What Is DO-178C Testing?

What Is DO-178C Testing?

Aeronautical and aviation safety is becoming increasingly scrutinized, thanks to recent reports about bad behavior from Boeing employees, as well as high-profile plane crashes. However, just because crashes and airplane manufacturers are in the current news cycle doesn’t mean that aviation companies don’t have guidelines to follow. In fact, DO-178C, the Software Considerations in Airborne Systems and Equipment Certification, is widely used as a standard for airline safety.

That document, in conjunction with companies like AFuzion. which aims to provide better expertise and knowledge to avionics companies while presenting a wide range of proprietary research and whitepapers on safety compliance, creates an environment where aviation companies can get the guidance they need for critical safety issues. If you’re wondering how these industries go about complying with DO-178C testing, here are some things to recognize.

First of all, it’s important to realize that DO-178C testing is used broadly from a variety of aviation regulatory agencies. These kinds of organizations include the Federal Aviation Administration, Transport Canada, and the European Aviation Safety Administration. DO-178C guidance applies to all commercial airline software and has also begun to encompass military avionics as well.

No matter how vital or unnecessary the software may seem, all code needs to meet the standards set forth by DO-178C testing. In order for aviation software to be DO-178C compliant, it must meet the requirements set forth in the Software Considerations in Airborne Systems and Equipment Certification document.

What does the Software Considerations in Airborne Systems and Equipment Certification document outline? Put simply, DO-178C outlines a few key areas of guidance for all aviation and avionics software. From stages of development like planning and verification to how the software will be configured, certified, and deployed, there are important steps governing each piece of the process.

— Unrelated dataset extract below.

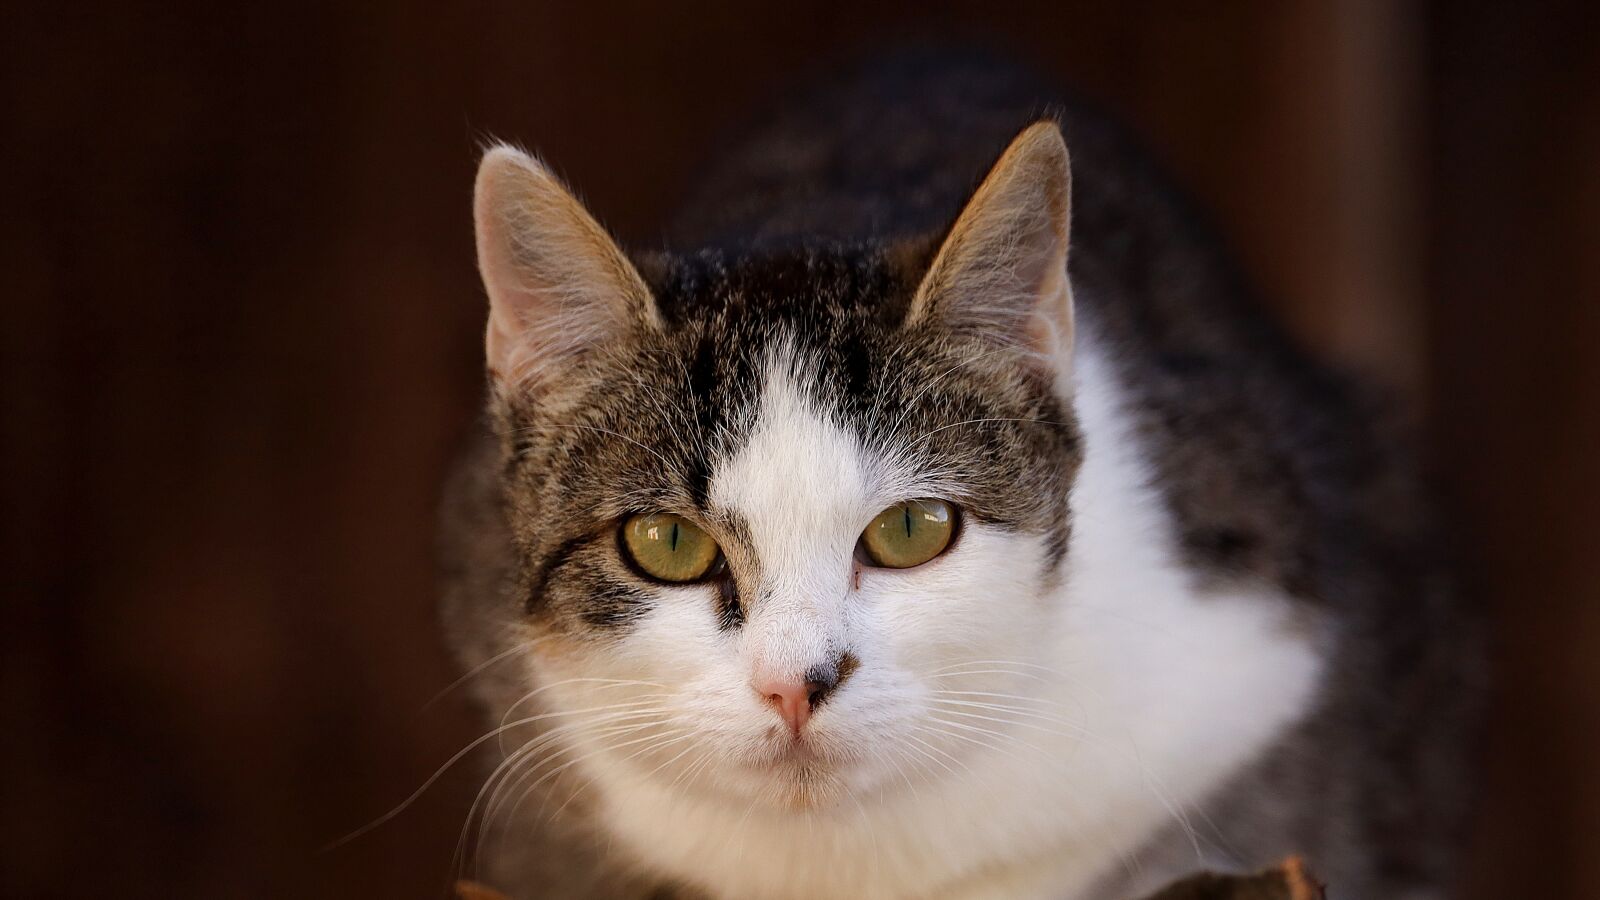 150-600mm F5-6.3 DG OS HSM | Contemporary 015 sample photo. Cat, cat face, cat's photography

As part of the assurance process, the DO-178C sets forth several different Design Assurance Levels. Each of the five levels refers to a different level of safety in regards to the repercussions of each failure level. These levels for each outcome are no safety effects, minor safety effects, major safety effects, hazardous safety effects, and disastrous safety effects.

If you’re wondering how each of these five levels of Design Assurance plays out when it comes to testing the software per DO-178C regulations, it’s actually pretty straightforward. Verification of all software is performed by a team that wasn’t involved with developing the software in order to maintain objectivity. If the risk associated with the piece of software malfunctioning is high-level, such as something that poses disastrous or hazardous safety effects, there is a much greater level of rigor involved in how that feature is tested.

Each individual must test the software independently of others in order to ensure the appropriate levels of safety are met and documented properly. According to DO-178C regulations, all elements of code must meet both top-down and bottom-up traceability, which means that all code has either a high-level or low-level function. Eliminating extraneous code is one way to decrease the chances that anything goes wrong once a piece of software is verified and deployed.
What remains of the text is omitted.